Problem details:
Copy exactly. Include the line containing "After seeing the", every line after it, and the last line below, but no pictures.

Dataset excerpt:
============================================================

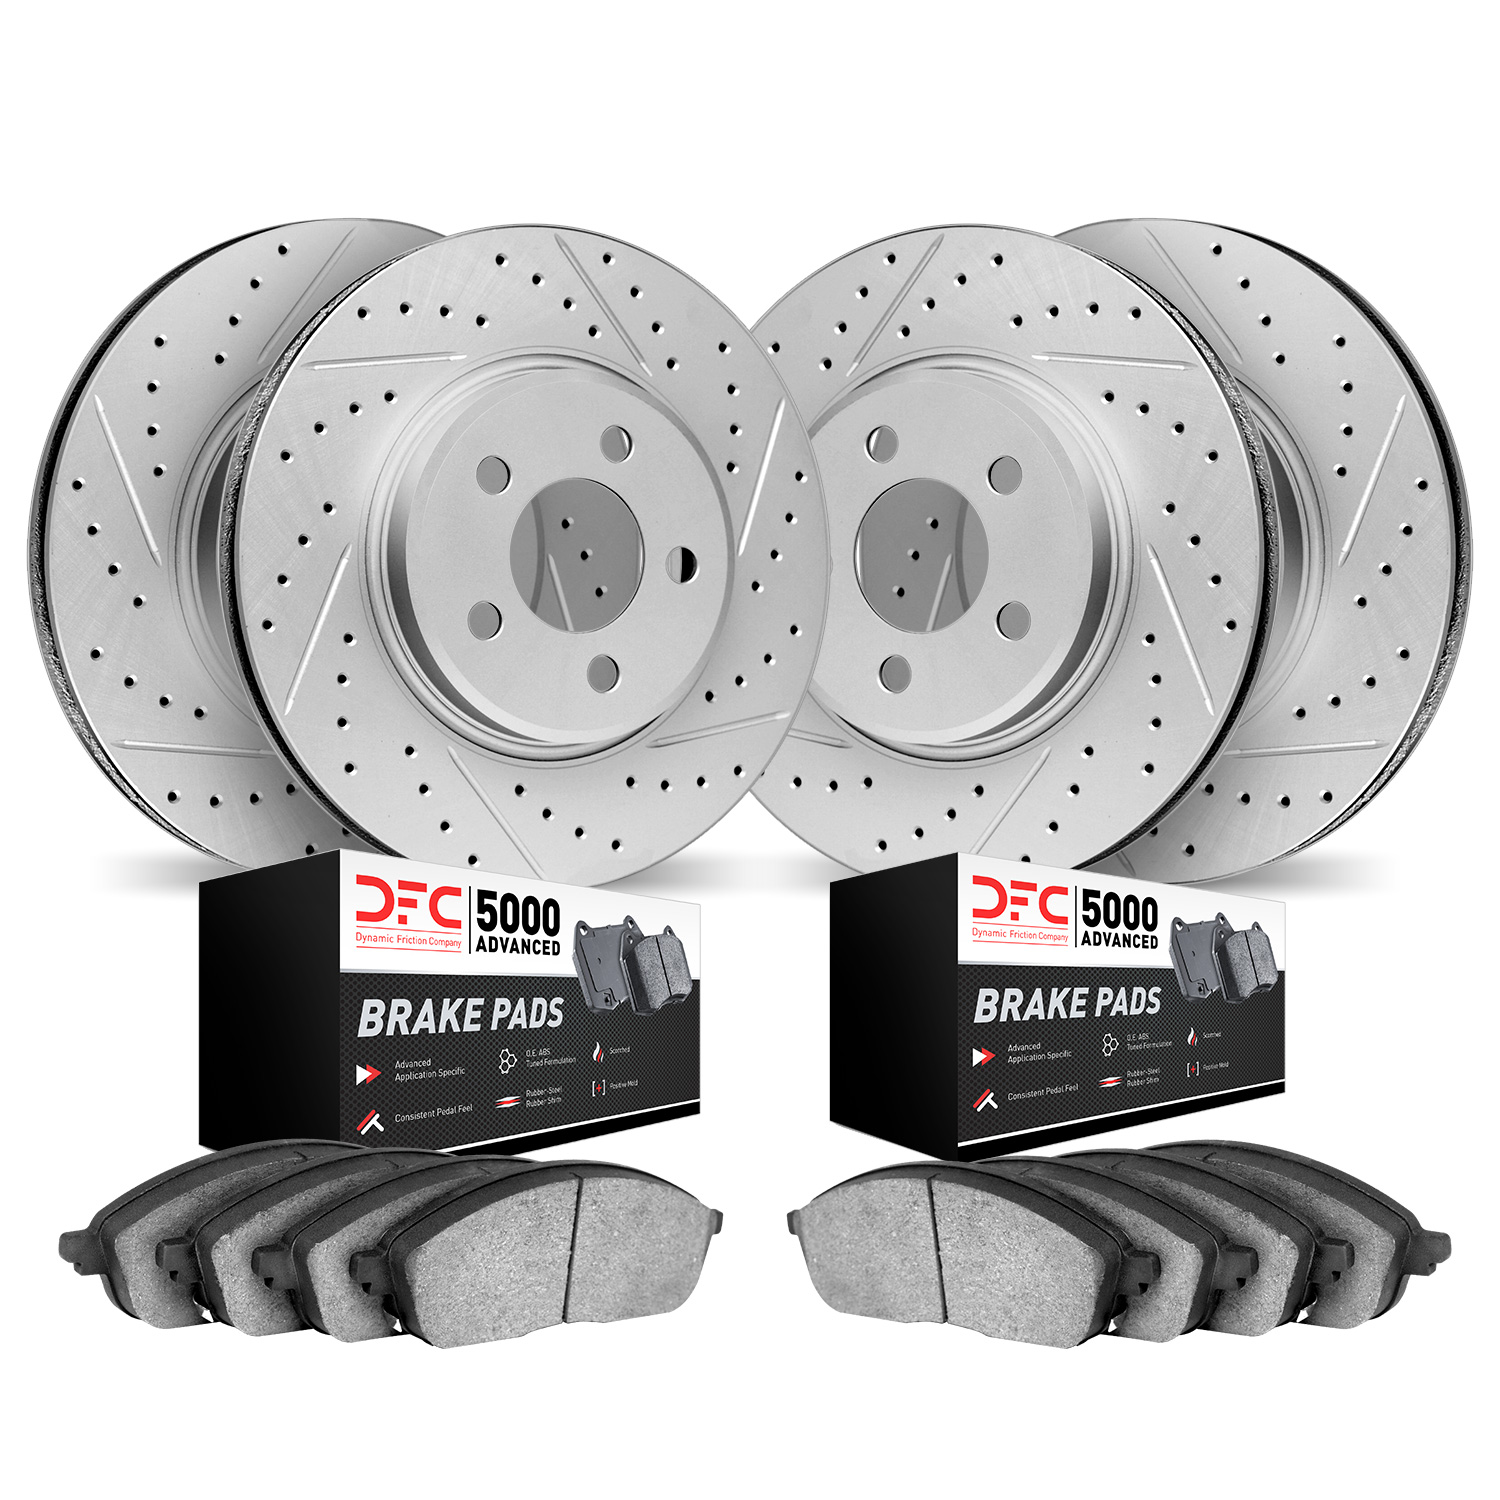 2504-75025 Geoperformance Drilled/Slotted Rotors w/5000 Advanced Brake Pads Kit, 2007-2017 Lexus/Toyota/Scion, Position: Front a
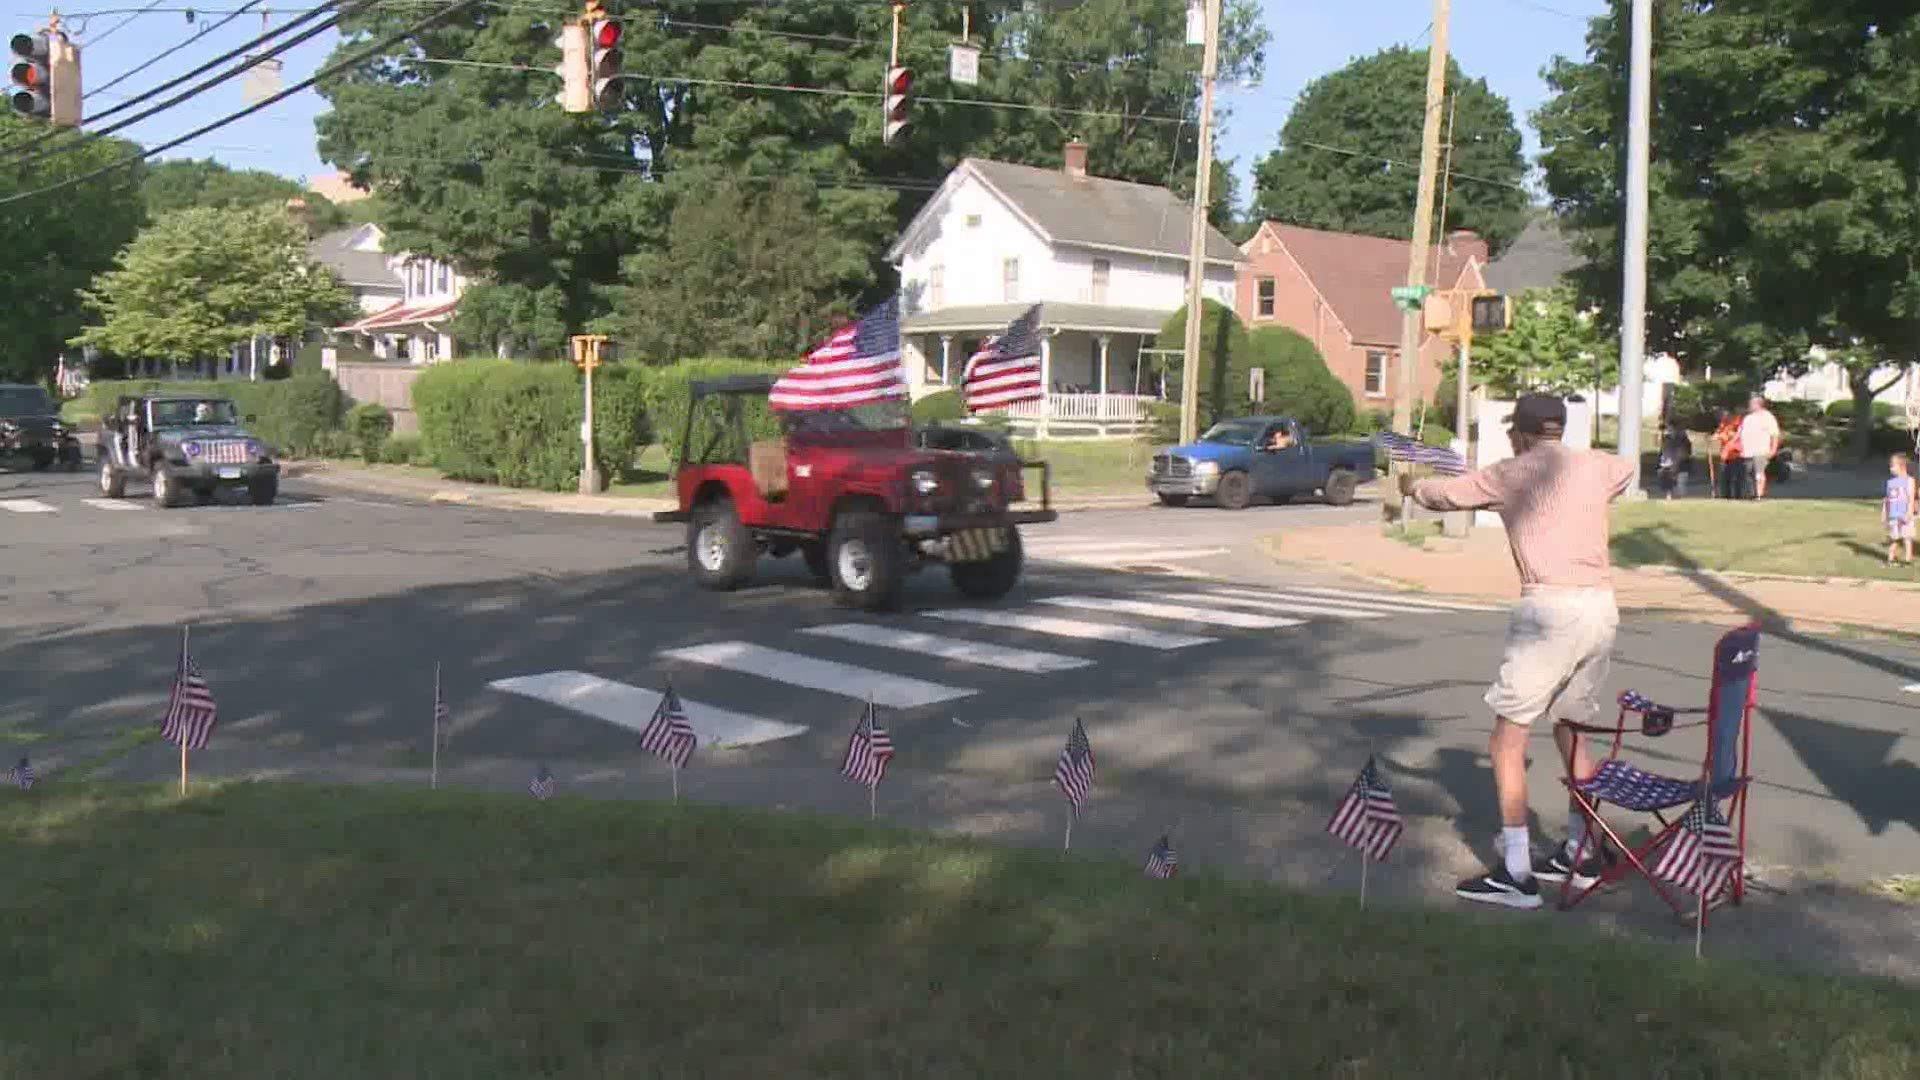 After seeing the veteran's patriotism and dedication on FOX61, some people decided to show him theirs.
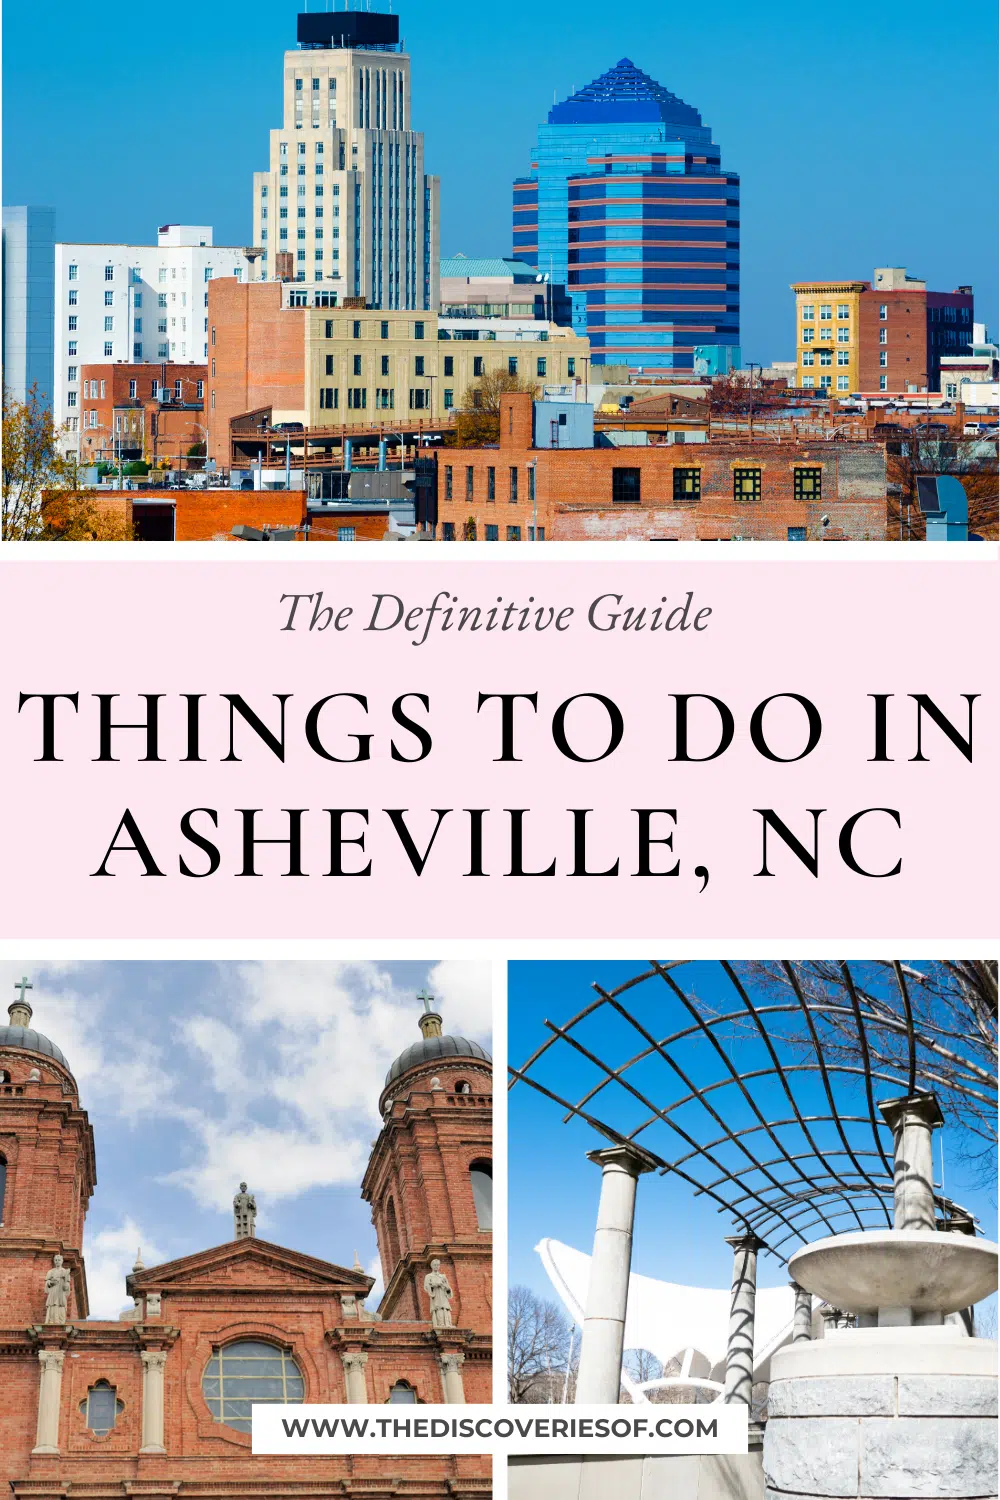 Things to Do in Asheville, NC

============================================================

Written solution:
 After seeing the veteran's patriotism and dedication on FOX61, some people decided to show him theirs.
 Things to Do in Asheville, NC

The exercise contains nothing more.